The researchers were then able to see what spontaneous genetic mutations had arisen. Such mutations, called "de novo" mutations, are responsible for majority of genetic defects.
By checking their prediction of the baby's genetic code with actual DNA taken after the birth, they could identify 39 of 44 such mutations in the baby boy. The team also tested their approach on the woman who was earlier in 18 weeks of her pregnancy, and found it still worked.
Lead study author Dr Jay Shendure said: "This work opens up the possibility that we will be able to scan the whole genome of the foetus for more than 3,000 single-gene disorders through a single, non-invasive test."
"The improved resolution is like going from being able to see that two books are stuck together to being able to notice one word misspelled on a page," added co-author Jacob Kitzman.

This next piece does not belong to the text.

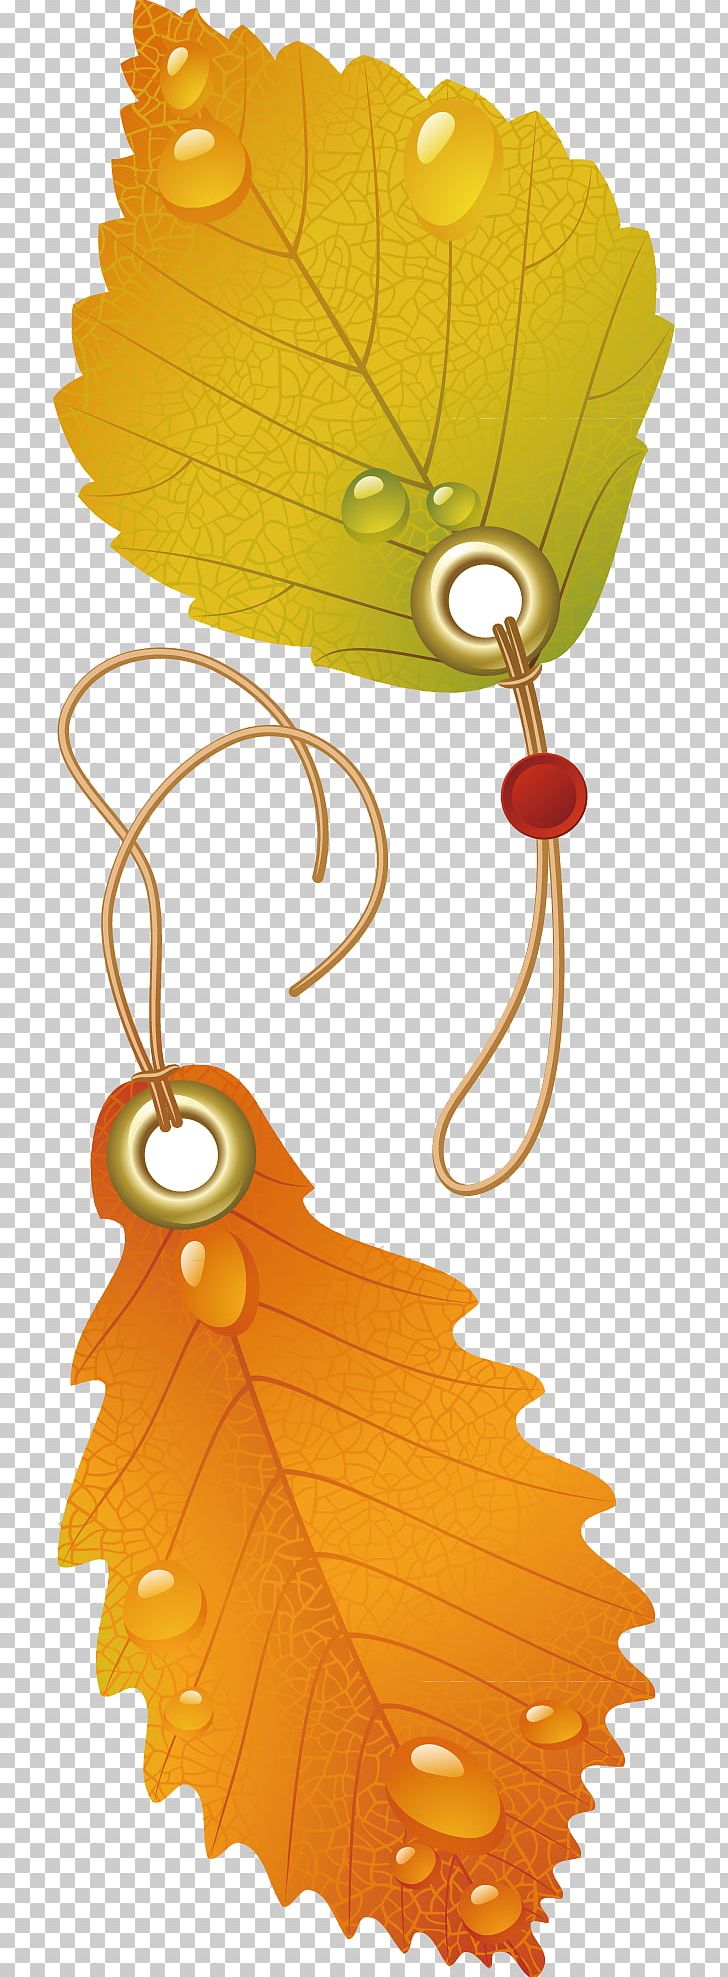 Japanese Maple Autumn Leaf Color PNG, Clipart, Art, Autumn, Christmas Decoration, Deciduous, Decorative Free PNG Download

In future, the scientists hoped, a more refined and less costly version of the procedure could make pre-natal genetic testing far more comprehensive than it is now. Currently, it involves inserting a probe into the womb to take fluid from the foetal sac or placental samples.
Existing methods only enable doctors to check for a small number of genetic disorders, which include Down's syndrome and cystic fibrosis, muscular dystrophy and spina bifada.
But the scientists said their test could give a wealth of information on the baby's future health by predicting for over 3,500 genetic defects.
However, the researchers feared that the work would give rise to abortions. "The less tangible implication of incorporating this level of information into pre-natal decision-making raises many ethical questions that must be considered carefully within the scientific community and on a societal level," they warned.
"As in other areas of clinical genetics, our capacity to generate data is outstripping our ability to interpret it in ways that are useful to physicians and patients," they added.
Josephine Quintavalle, founder of the Pro-Life Alliance, said: "Whilst this new test may not itself be invasive, given our past track record, it is difficult to imagine that this new test will not lead to more abortions," she said.